I'd say horse quality hay would be great for goats. But you will just have to look at it and use your judgement :thumb: Horses stomach's are a lot more sensitive to hay quality than goats. But $3 sure beats $13, if it is good hay!


----------



## freedomstarfarm (Mar 25, 2011)

$3 bales of horse hay is hard to find! Hope you can store a lot. :wink:


----------



## xymenah (Jul 1, 2011)

I would go check it out. Horse quality normally means the best you only have to worry if it says its goat or cow quality.


----------



## Shellshocker66 (Mar 19, 2012)

If I knew more about it I would rent a trailer and store some up.
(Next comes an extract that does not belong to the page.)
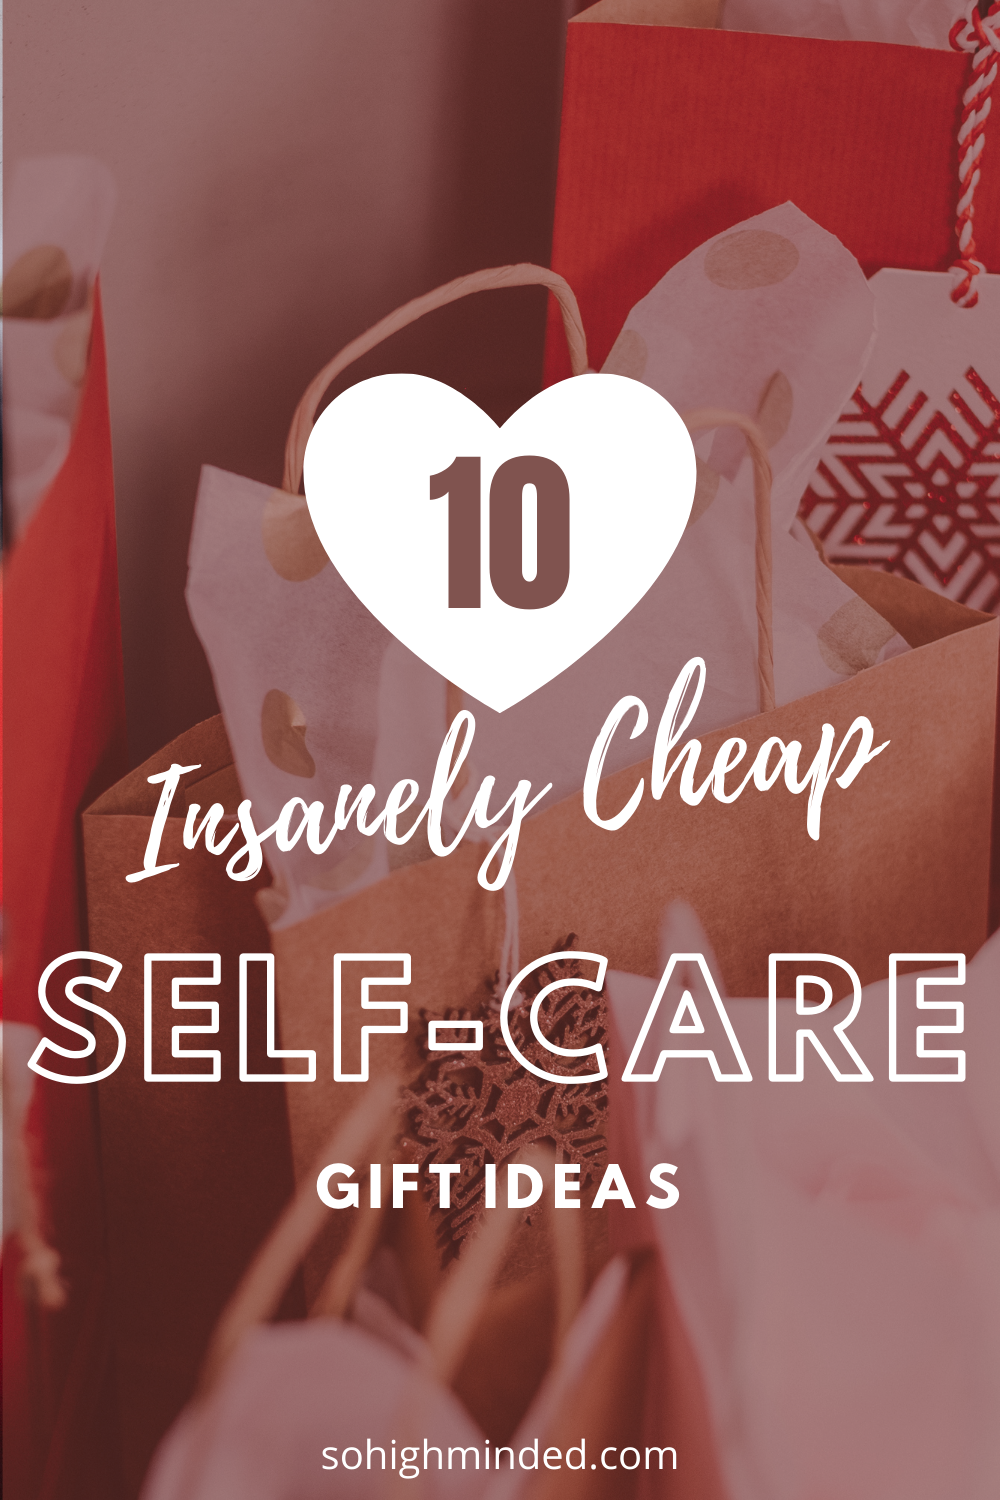 10 Insanely Cheap Self-Care Gift Ideas - Self Care Gifts So High-Minded
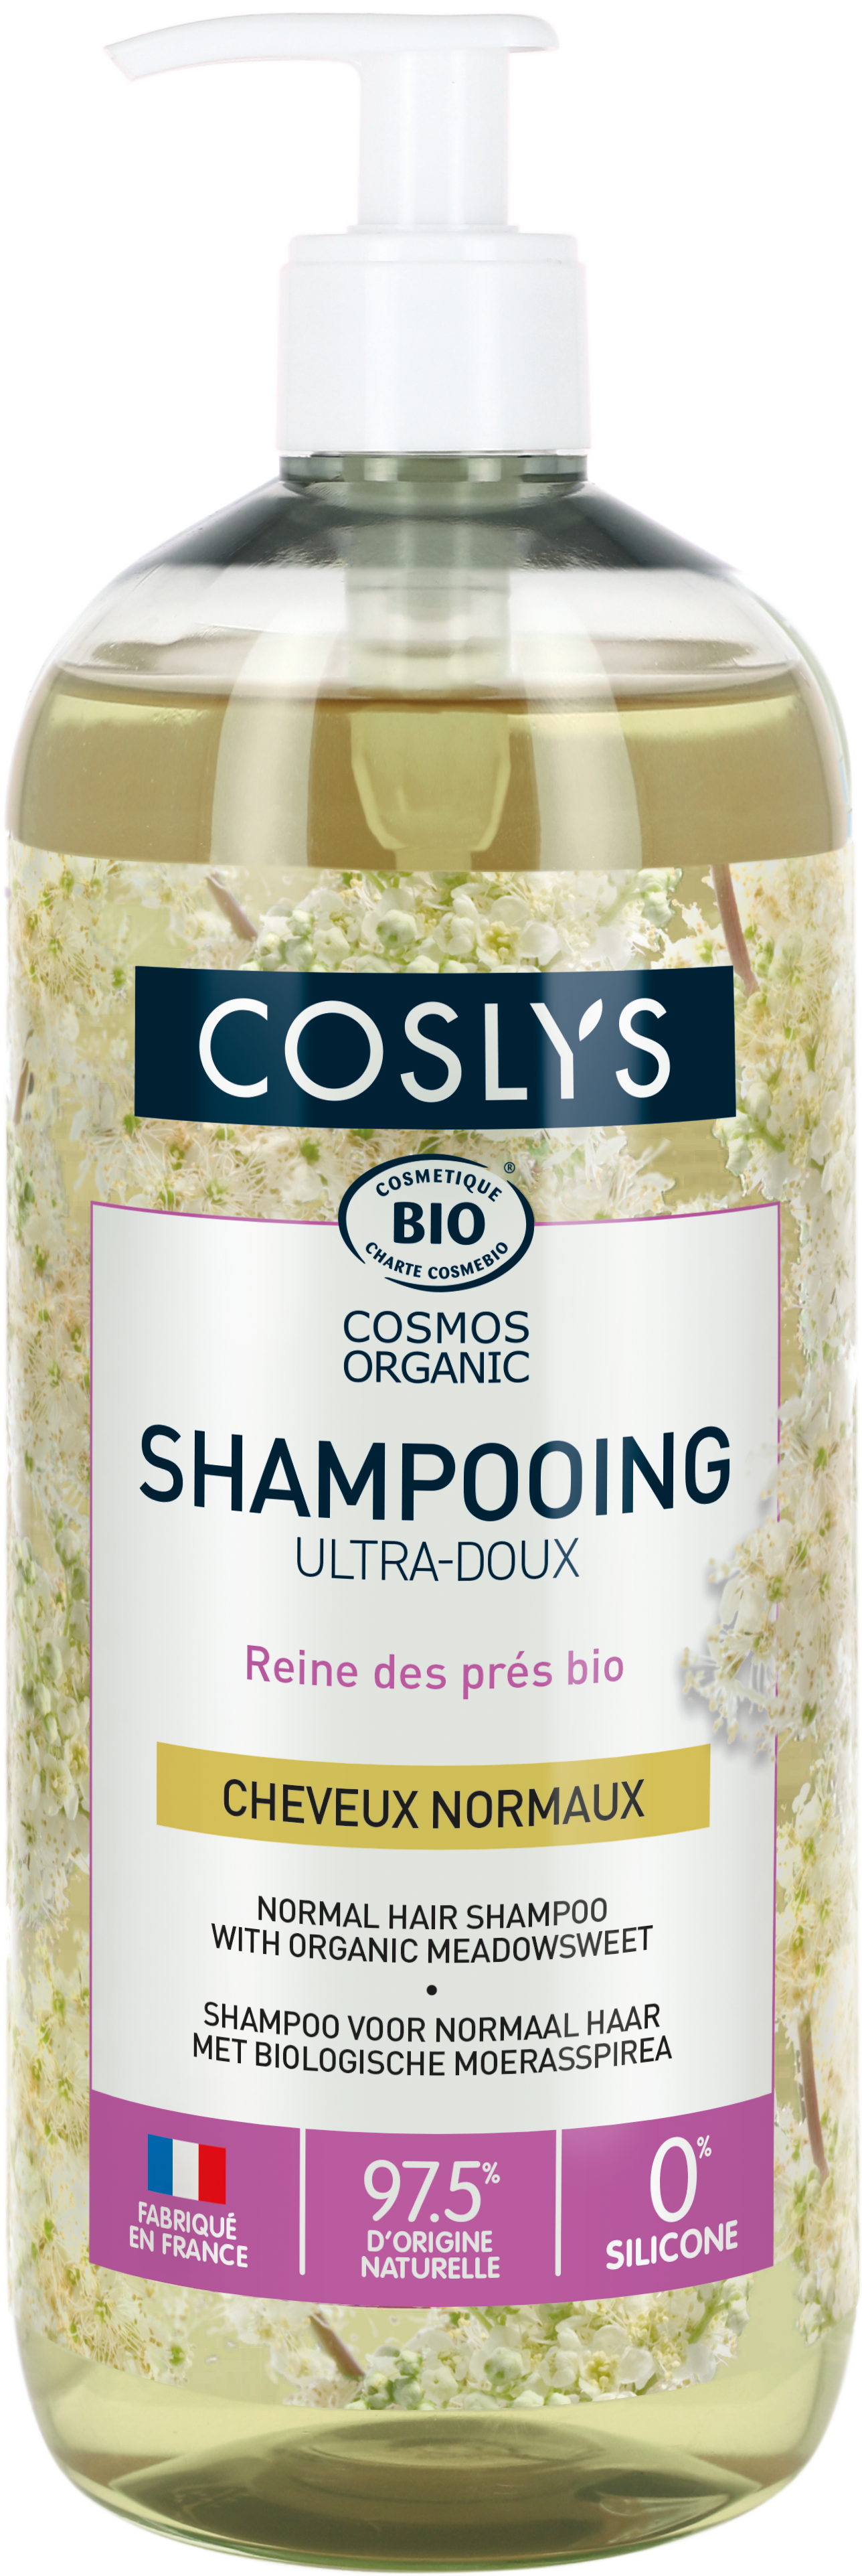 SHAMPOING CHEVEUX NORMAUX (1L) COSLYS

I have a small bed truck so figure I can get maybe 6-8 bales which around here lasts a long time. My crew are fussy eaters. Once I figured out that Alfalfa (plus their grain mix) was a little rich for them since no one is milking at this time and the kids are all weaning and started buying grass hay they suddenly decided that foraging was better (go figure). Since this is my first summer here I don't know how well my well will irrigate the pasture this summer, so wanted to get some stored up. Guess I will find out this Sunday if the guy answers my email.

Also for anyone in the area here is the link http://medford.craigslist.org/grd/3008336739.html


----------



## Tenacross (May 26, 2011)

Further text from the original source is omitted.